13th Nov 2018 – Our client, a 59-year-old man from near Maidstone, Kent, lost his wife (D) in early 2014, when she was aged 55.
D had been diagnosed with early stage bladder cancer in 2012 which she had removed by a TURBT operation. However, the cancer returned in 2013 and was found to be stage 2 at that point. Treatment by chemotherapy and radical cystectomy (removal of bladder) was advised.
D agreed to the chemotherapy but sought a second opinion in respect of the proposed surgical treatment, and she came under the care of Mr Paul Reddy at the Maidstone Hospital.
Mr Reddy advised that he could perform a cystectomy and neo-bladder
(formation of new bladder using part of the bowel) operation. Alternative
options were not discussed by Mr Reddy, and upon D asking about any risks of the surgery Mr Reddy advised that there were none.
Mr Reddy performed the surgery on 04.11.13 at the Medway Maritime Hospital. Mr Reddy damaged D’s bowel during the operation. Rather than calling in a colorectal colleague to assist / repair the damage, he repaired it himself using an omental patch. Mr Reddy did not record this bowel damage in the medical notes and nor did he pass this information on to the doctors who would be looking after D post-operatively (Mr Reddy was based at Maidstone, and didn’t see D himself until nearly 3 months later).
Post-operatively, D was slow to recover, and the treating team discussed her condition with Mr Reddy for advice as to what investigations to undertake. Mr Reddy specifically advised against performing a CT scan. However, due to a deterioration in D’s condition, an urgent CT scan was performed a few days later and confirmed evidence of an obstruction and post-surgical ileus.
D then began passing urine via her rectum and a further CT scan identified 2 urinary leaks – one at the top of the neo-bladder and a large leak at the
bottom of the neo-bladder.
Ultimately, as a consequence of both the urinary leak, and the breakdown of the bowel repair leaking faecal matter, D developed a large pelvic collection which ultimately became the site of infection and abscess and precipitated the later complications which resulted in her death.
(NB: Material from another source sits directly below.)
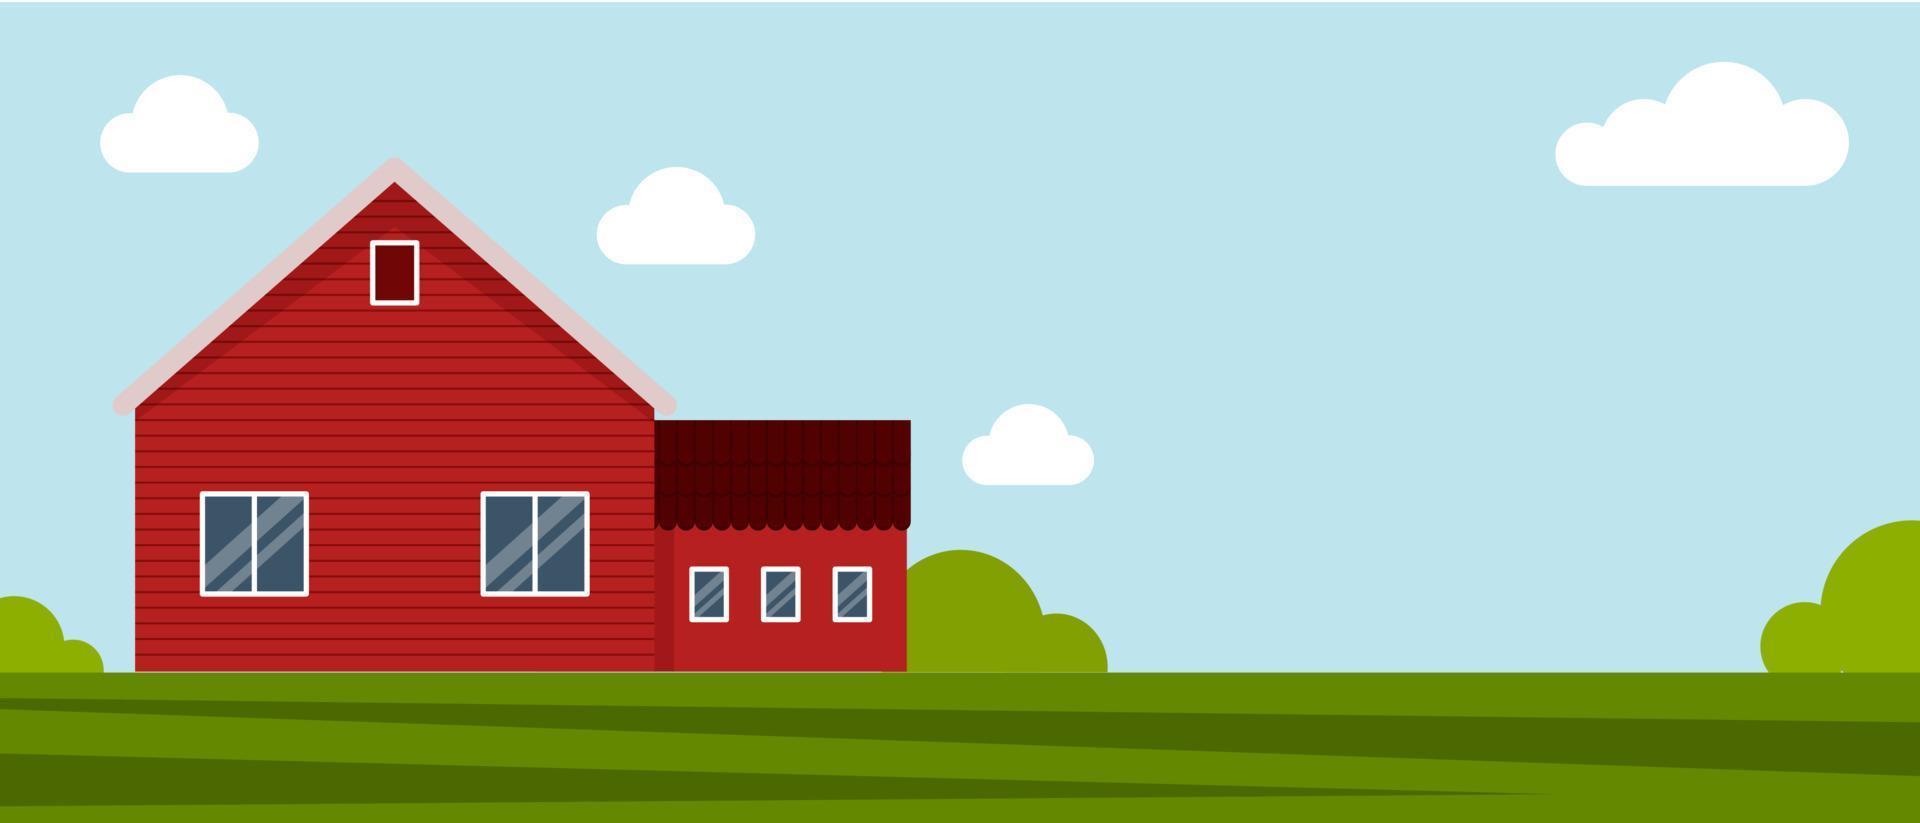 Landhaus auf einer grünen Wiese, landwirtschaftlicher Bau. flache vektorillustration auf einem hintergrund des blauen himmels mit wolken. karikatur ländliches landschaftspanoramafeld. banner für website vektor

D initially underwent a laparotomy and bowel resection, but her condition continued to steadily decline. She had further operations over the next couple of months, but ultimately was found to have small bowel ischaemia. Nothing could be done to treat this condition, and D passed away.
Expert evidence from a urological surgeon and a colorectal surgeon confirmed that the neo-bladder operation was poorly performed. The bowel damage should have been avoided, and would have resulted in D surviving.
Additionally, if assistance had been sought from a colorectal surgeon, an adequate repair of the bowel injury (possibly including a temporary colostomy) would have been undertaken. The bowel would not have subsequently broken down and, again, D would have survived.
Further, because Mr Reddy had caused damage to the bowel, continuing with the neo-bladder was a high risk strategy and he should not have proceeded. Instead, the operation should have been converted to an ileal conduit (a urinary stoma). Had this been done, there would have been no leak into the abdominal cavity and the bowel would not have broken down.
There was some difficulty identifying the correct Defendant as both the Maidstone & Tunbridge Wells NHS Trust (Mr Reddy’s employer) and Medway NHS Foundation Trust (where the negligent surgery took place) said that the other was responsible. In the end, it was determined that Maidstone & Tunbridge Wells NHS Trust were responsible.
The Defendant admitted liability early on for the ancillary matters relating to the failure to record the injury / pass on details, but they denied that the bowel injury was the result of negligence, and they denied that it was negligent to proceed with the neo-bladder surgery.
The Defendant failed to agree to an extension of the limitation date, so we were forced to issue Court proceedings. Upon serving Court proceedings we made an offer of £340,000.
The Defendant confirmed that they were maintaining their denial of the claim, but made an offer of £200,000. After further negotiation, settlement was agreed in the sum of £300,000.
Alex Tengroth, who had conduct of this case, said “This case is an appalling example of how some surgeons treat their patients – believing they know best and having a ‘God-complex’. I understand from my client that Mr Reddy has since left the Trust, and we both sincerely hope that his days performing such surgery are behind him.”